Wednesday, February 22, 2012

The Conservative Mind, by Russell Kirk: A dumb book report

I didn't pick this book out of a hat. Kirk's tome has been praised by figures such as Richard Nixon (according to Ambrose's biography, he read it avidly and used it to shape his own thinking) and William F. Buckley. Just last month, John Kass wrote a column in which he mentioned glancing at his own "dog-eared copy" of it and bemoaning the fact that today's Republicans can't articulate their own conservative principles, thereby guaranteeing Obama another term.

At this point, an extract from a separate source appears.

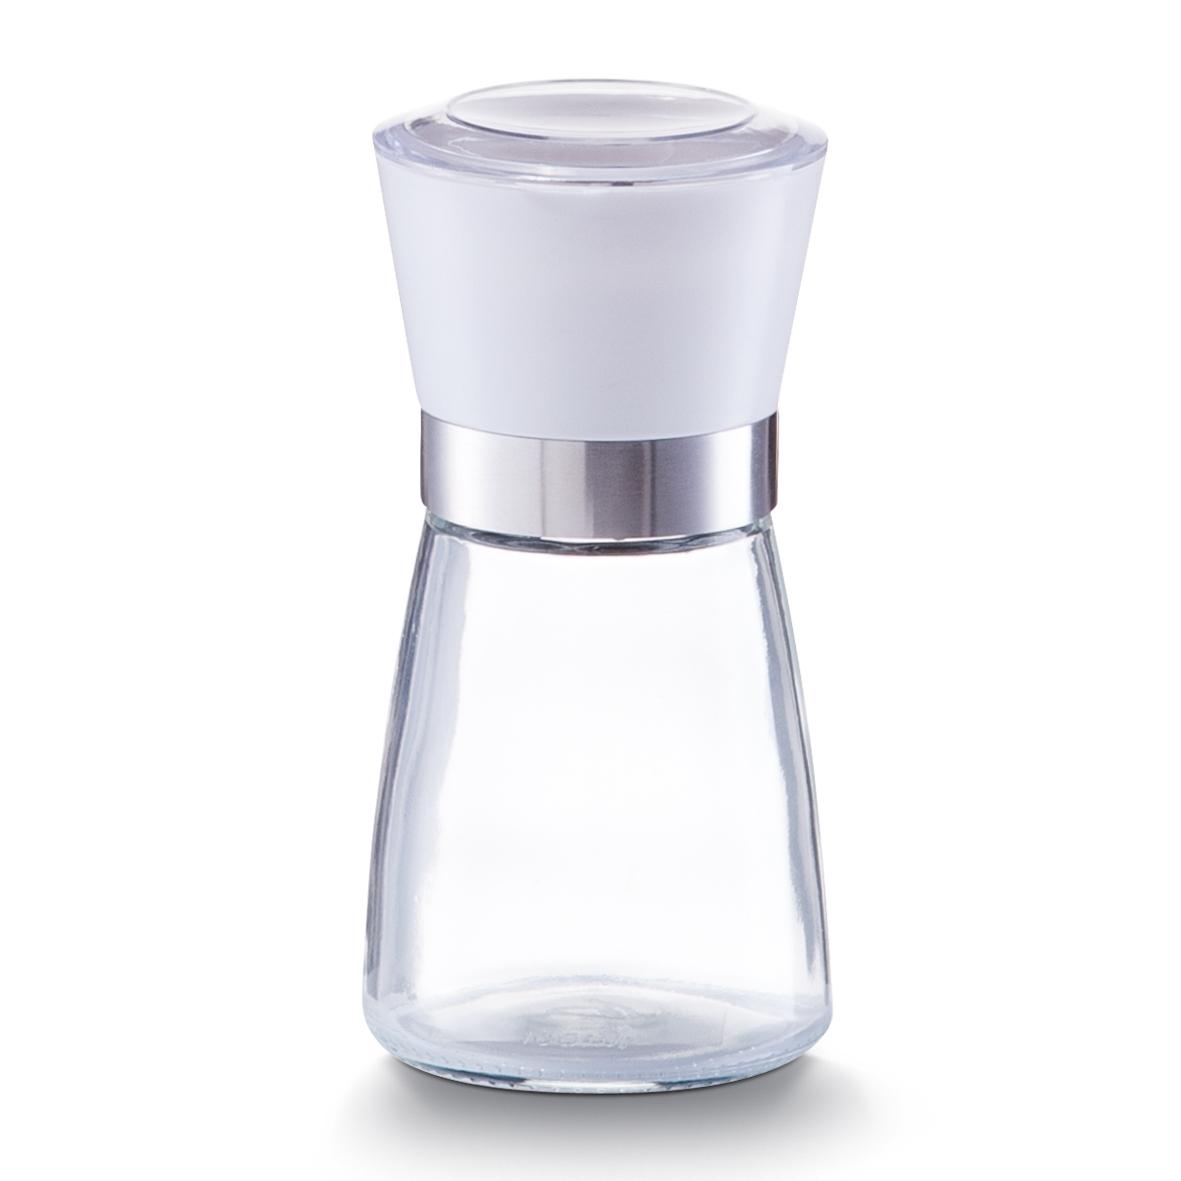 Rasnita sare / piper din sticla si plastic, Small White Ø 6,5xH13,6 cm din categoria Sare si Piper

It doesn't take more than ten or twenty pages of reading to realize that, were any Republican to espouse Kirk's talking points, they wouldn't be able to get elected dogcatcher. The Conservative Mind, a history of the philosophy and ideas of conservatism, plumbs the likes of Edmund Burke, John Adams, Toqueville, T.S. Eliot and a slew of other philosophers, writers and politicians (some of which I'd never heard of) whose scorn for what Toqueville termed "despotic democracy" comes out crystal-clear:


  • Aristocracy (by his terms) is necessary in society;
  • Social and economic class is unavoidable (so much for Rick Perry's disavowal of the idea)
  • Not everyone's vote is equal, nor should it be;
  • The proletariat cannot be treated the same way as society's elites, which makes public education a waste of time and money;
  • We need a landed gentry with sufficient leisure to contemplate the heavy ideas and do the thinking for all of us, while we do the heavy work;
  • The southern politicians (Calhoun among them) "knew" the dangers of freeing "the negro population";


And so on. It's pretty eyebrow-raising, to say the least. Were the Republicans to hitch their collective wagon to this star, Joe the Plumber never would have had the career he did, the Tea Party would be home watching t.v. and Bush would have hung his Harvard and Yale certificates on the door to the Oval Office.

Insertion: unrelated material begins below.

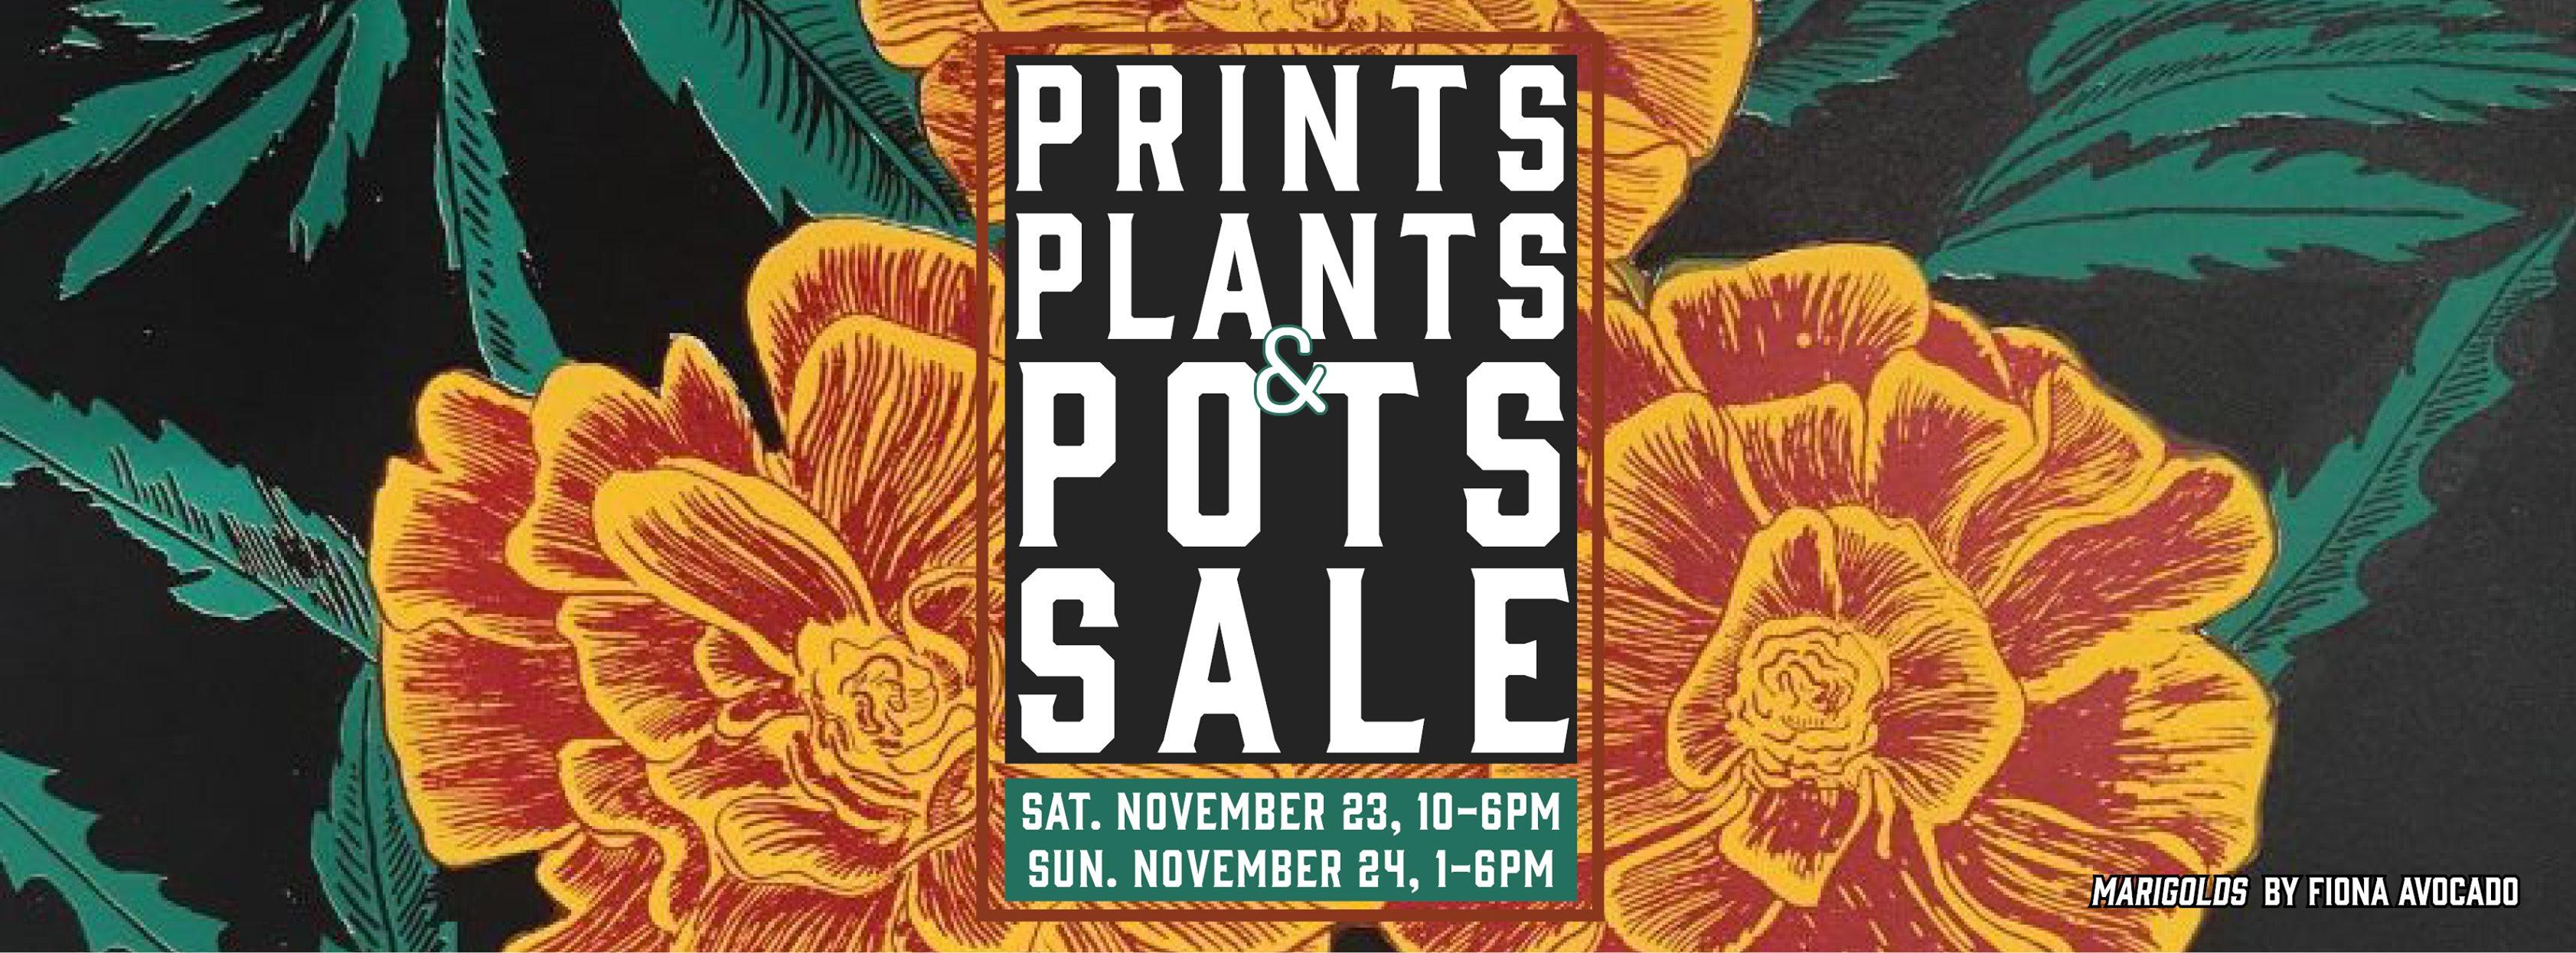 Prints Plants Pots Sale flier

Nevertheless, it's a fascinating walk through a solidified ideology's history of Western civilization. Kirk is nothing if not erudite, and his argument is compelling, if maddeningly predictable in places. Depending on whom you ask, Kirks' predictions of democratic tyranny and a ruling power pulling all our strings may have come to pass, if one accepts his terms and premises. But by those same terms and premises, most of us are too dumb to realize it anyway.